• **Stored records**:
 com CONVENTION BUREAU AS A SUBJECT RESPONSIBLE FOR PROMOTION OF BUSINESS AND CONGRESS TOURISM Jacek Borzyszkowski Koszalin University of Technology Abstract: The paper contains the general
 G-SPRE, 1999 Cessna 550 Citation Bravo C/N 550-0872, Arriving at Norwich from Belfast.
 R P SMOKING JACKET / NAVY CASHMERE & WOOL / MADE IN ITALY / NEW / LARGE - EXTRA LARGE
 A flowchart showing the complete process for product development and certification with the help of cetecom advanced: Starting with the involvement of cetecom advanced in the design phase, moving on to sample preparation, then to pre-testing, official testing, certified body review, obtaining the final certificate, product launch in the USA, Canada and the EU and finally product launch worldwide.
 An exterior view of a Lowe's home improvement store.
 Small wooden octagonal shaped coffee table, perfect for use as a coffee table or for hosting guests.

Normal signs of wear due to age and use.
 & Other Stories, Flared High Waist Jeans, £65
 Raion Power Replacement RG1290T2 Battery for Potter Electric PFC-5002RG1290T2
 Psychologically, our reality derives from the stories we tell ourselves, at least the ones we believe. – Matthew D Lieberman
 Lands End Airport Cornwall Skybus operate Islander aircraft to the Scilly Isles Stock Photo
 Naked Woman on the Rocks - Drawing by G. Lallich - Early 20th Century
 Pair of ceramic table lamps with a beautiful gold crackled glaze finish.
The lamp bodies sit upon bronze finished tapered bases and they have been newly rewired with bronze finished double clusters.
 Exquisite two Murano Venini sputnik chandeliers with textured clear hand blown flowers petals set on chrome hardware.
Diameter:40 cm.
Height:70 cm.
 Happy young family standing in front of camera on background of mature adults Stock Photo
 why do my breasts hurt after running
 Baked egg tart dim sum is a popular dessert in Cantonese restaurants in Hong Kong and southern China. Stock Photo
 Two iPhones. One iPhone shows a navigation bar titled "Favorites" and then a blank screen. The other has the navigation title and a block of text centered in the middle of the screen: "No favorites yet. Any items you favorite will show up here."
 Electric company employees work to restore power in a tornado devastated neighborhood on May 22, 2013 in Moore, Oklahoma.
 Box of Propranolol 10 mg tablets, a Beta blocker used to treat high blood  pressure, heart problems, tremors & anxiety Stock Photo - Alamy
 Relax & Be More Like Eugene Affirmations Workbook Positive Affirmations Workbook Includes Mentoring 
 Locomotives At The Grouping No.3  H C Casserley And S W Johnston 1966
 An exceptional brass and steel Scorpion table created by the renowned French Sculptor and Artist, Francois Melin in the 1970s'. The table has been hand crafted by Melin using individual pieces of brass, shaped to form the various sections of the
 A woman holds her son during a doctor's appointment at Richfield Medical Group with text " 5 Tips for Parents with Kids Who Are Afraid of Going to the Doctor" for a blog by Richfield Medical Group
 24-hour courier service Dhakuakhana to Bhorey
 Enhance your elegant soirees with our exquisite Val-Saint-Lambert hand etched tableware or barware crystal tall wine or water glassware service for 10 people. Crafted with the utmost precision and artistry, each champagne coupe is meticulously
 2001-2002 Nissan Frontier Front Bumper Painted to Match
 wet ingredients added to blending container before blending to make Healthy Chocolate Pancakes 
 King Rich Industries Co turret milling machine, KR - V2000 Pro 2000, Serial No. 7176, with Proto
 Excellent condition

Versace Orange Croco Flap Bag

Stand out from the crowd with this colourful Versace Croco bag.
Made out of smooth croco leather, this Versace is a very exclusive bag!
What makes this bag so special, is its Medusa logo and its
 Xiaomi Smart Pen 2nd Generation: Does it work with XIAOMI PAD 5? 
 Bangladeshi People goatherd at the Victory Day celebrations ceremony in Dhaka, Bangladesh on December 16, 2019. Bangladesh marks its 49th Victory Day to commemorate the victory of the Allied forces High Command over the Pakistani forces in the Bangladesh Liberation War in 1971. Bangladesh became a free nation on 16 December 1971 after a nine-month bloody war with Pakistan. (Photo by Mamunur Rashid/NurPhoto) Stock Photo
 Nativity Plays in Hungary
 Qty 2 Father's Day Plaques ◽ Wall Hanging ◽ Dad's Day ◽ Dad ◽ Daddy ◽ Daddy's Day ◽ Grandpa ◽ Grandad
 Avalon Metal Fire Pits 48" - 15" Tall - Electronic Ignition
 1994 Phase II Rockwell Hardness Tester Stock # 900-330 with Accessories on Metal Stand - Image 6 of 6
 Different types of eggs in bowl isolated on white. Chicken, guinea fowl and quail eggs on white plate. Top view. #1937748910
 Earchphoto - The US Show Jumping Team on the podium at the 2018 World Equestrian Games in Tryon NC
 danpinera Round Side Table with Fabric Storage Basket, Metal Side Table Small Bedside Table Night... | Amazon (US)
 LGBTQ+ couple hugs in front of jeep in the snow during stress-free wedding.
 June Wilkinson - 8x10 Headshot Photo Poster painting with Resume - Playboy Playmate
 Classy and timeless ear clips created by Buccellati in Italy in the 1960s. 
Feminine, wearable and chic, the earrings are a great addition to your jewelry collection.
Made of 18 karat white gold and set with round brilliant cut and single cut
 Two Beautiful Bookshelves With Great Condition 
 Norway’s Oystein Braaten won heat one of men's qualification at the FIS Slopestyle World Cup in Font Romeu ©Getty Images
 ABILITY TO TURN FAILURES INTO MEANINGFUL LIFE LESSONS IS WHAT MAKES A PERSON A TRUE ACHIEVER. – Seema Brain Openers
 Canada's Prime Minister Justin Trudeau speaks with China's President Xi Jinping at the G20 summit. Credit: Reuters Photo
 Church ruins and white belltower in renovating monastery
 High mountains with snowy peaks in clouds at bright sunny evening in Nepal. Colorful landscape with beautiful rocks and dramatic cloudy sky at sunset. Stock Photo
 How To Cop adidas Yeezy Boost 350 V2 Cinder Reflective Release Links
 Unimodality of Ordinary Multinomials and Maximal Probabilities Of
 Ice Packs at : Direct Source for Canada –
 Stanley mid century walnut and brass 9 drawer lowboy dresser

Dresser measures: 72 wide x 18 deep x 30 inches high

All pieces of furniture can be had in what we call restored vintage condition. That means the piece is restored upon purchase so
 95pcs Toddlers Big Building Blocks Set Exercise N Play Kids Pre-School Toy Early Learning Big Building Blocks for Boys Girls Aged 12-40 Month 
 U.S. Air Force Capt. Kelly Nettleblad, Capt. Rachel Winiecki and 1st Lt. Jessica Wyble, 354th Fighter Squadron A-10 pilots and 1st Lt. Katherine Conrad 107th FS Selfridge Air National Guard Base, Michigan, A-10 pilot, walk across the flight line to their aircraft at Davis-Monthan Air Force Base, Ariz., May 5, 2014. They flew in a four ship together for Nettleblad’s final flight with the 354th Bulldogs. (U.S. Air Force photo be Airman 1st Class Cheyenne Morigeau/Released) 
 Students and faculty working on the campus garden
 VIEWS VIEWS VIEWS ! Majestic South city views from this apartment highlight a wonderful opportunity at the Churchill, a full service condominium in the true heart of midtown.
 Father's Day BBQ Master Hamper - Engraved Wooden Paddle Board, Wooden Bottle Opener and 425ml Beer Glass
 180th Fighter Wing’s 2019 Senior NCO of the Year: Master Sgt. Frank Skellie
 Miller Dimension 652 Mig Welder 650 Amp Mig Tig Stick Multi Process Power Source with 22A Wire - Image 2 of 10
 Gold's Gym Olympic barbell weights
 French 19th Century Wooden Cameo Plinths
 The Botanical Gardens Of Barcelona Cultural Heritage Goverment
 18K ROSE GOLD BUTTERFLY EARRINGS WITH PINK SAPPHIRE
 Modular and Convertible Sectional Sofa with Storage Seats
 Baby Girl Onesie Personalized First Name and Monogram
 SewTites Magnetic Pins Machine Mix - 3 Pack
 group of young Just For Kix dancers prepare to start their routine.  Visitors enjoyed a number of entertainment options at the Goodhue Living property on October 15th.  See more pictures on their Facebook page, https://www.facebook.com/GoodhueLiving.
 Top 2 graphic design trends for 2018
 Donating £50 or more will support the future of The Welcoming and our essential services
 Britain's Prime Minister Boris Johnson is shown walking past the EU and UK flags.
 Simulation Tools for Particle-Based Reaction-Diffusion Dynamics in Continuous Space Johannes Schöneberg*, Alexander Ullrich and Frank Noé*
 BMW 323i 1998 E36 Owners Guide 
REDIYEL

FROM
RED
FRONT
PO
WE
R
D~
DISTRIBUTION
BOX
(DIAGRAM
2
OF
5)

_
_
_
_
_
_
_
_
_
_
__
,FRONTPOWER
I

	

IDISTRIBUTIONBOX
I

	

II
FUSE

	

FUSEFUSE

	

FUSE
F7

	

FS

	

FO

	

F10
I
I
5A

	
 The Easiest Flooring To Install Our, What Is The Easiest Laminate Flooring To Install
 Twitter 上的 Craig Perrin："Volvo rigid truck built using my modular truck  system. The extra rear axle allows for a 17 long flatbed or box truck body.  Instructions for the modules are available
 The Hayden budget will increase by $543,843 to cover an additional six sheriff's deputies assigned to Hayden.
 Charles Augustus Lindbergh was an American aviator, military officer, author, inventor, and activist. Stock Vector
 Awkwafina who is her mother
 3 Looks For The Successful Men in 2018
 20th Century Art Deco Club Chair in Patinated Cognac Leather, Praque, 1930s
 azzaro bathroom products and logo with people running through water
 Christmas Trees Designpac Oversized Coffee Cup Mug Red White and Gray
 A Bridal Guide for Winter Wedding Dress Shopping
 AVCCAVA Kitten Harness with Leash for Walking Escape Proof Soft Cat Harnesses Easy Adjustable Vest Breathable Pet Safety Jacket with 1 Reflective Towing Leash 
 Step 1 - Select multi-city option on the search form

• **Description of the task**: Please return exactly the lines from the opening line of the data above through the line with "R P SMOKING", both included and nothing else.

• **Written solution**:
 com CONVENTION BUREAU AS A SUBJECT RESPONSIBLE FOR PROMOTION OF BUSINESS AND CONGRESS TOURISM Jacek Borzyszkowski Koszalin University of Technology Abstract: The paper contains the general
 G-SPRE, 1999 Cessna 550 Citation Bravo C/N 550-0872, Arriving at Norwich from Belfast.
 R P SMOKING JACKET / NAVY CASHMERE & WOOL / MADE IN ITALY / NEW / LARGE - EXTRA LARGE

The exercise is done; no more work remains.